— Problem —
The expected answer is the set of lines in the data below between the line holding "Ông Nguyễn Tiến" and the line holding "M6 trafic routier", inclusive, written out exactly.

— Task inputs —

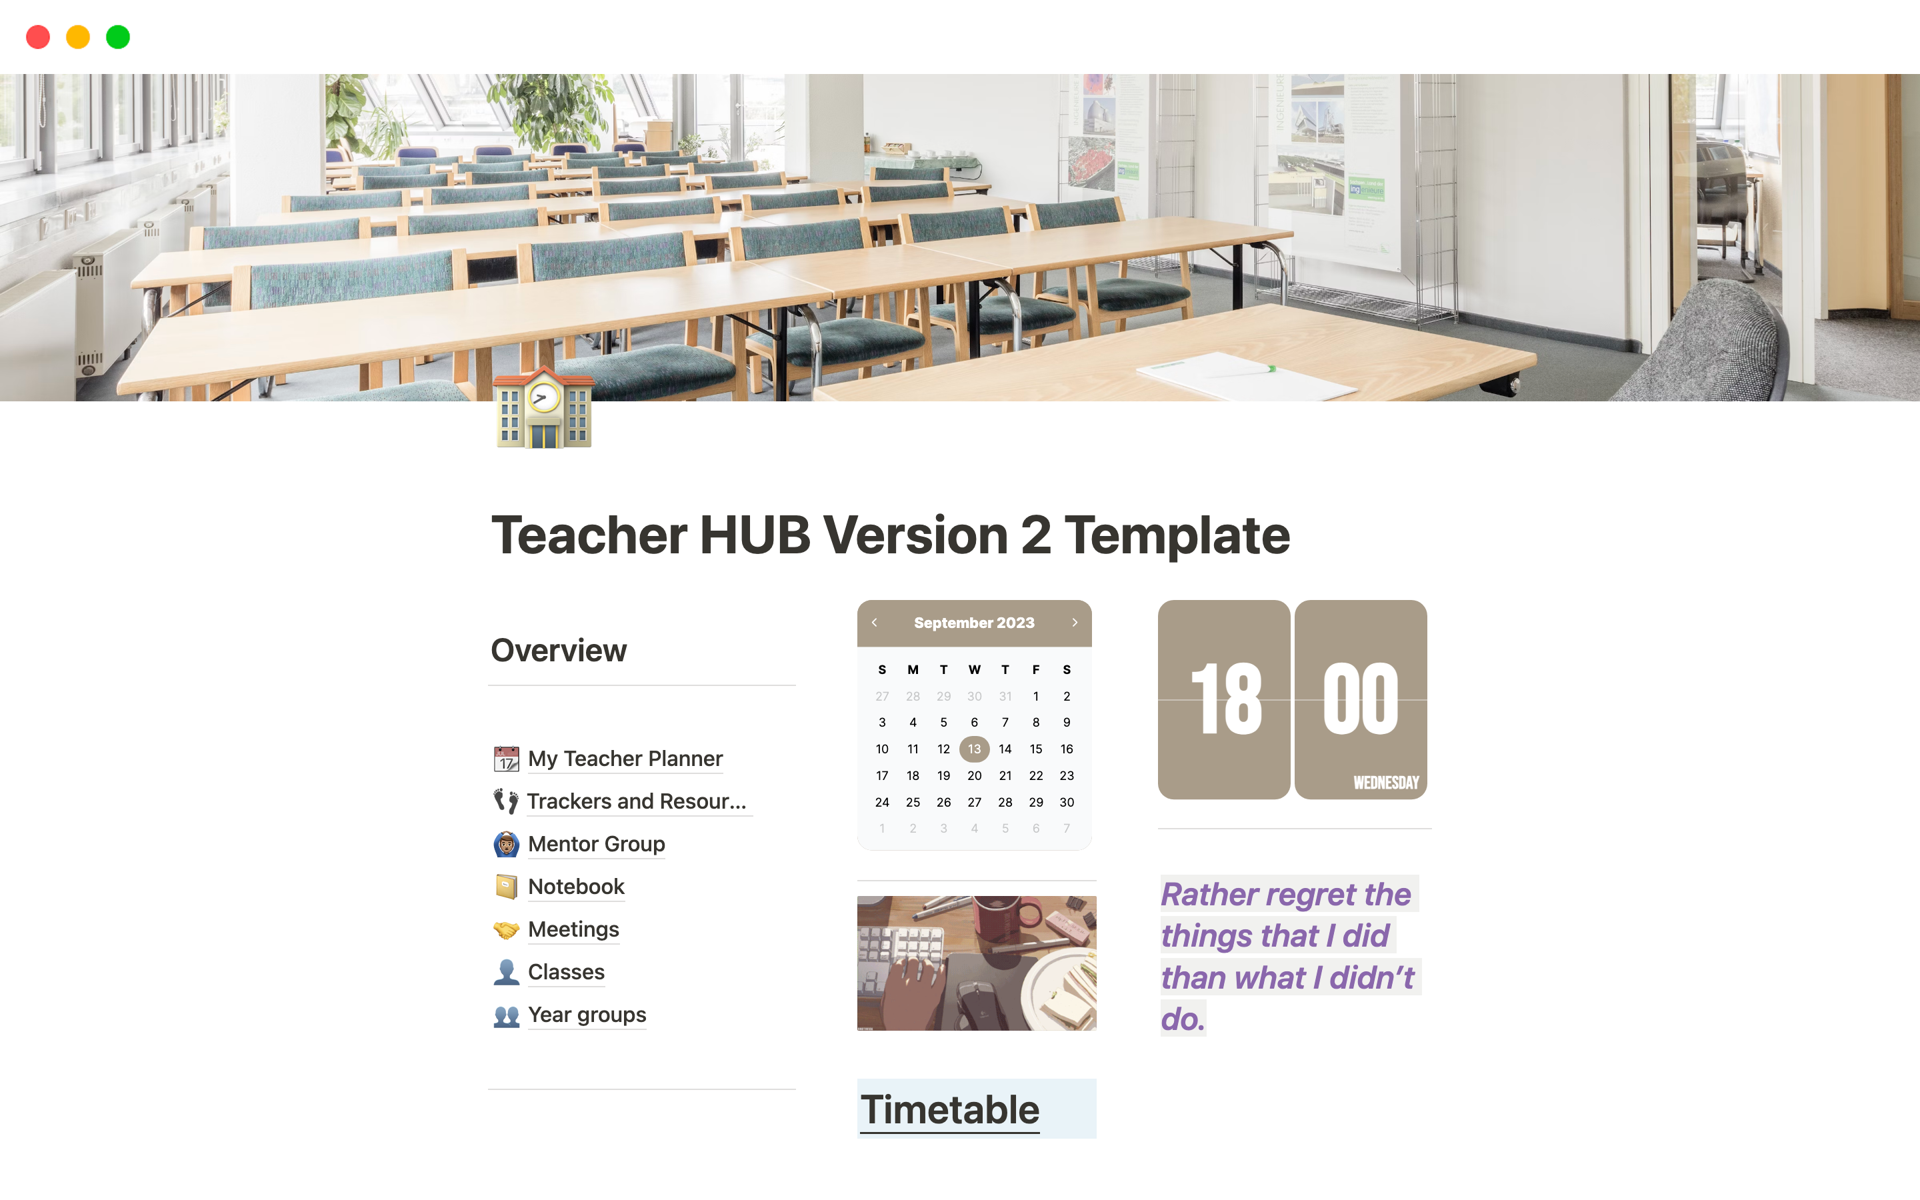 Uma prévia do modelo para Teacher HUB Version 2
---
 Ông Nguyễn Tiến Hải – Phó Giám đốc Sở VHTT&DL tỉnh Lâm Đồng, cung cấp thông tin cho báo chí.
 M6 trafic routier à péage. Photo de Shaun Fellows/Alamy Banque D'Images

— Reply —
 Ông Nguyễn Tiến Hải – Phó Giám đốc Sở VHTT&DL tỉnh Lâm Đồng, cung cấp thông tin cho báo chí.
 M6 trafic routier à péage. Photo de Shaun Fellows/Alamy Banque D'Images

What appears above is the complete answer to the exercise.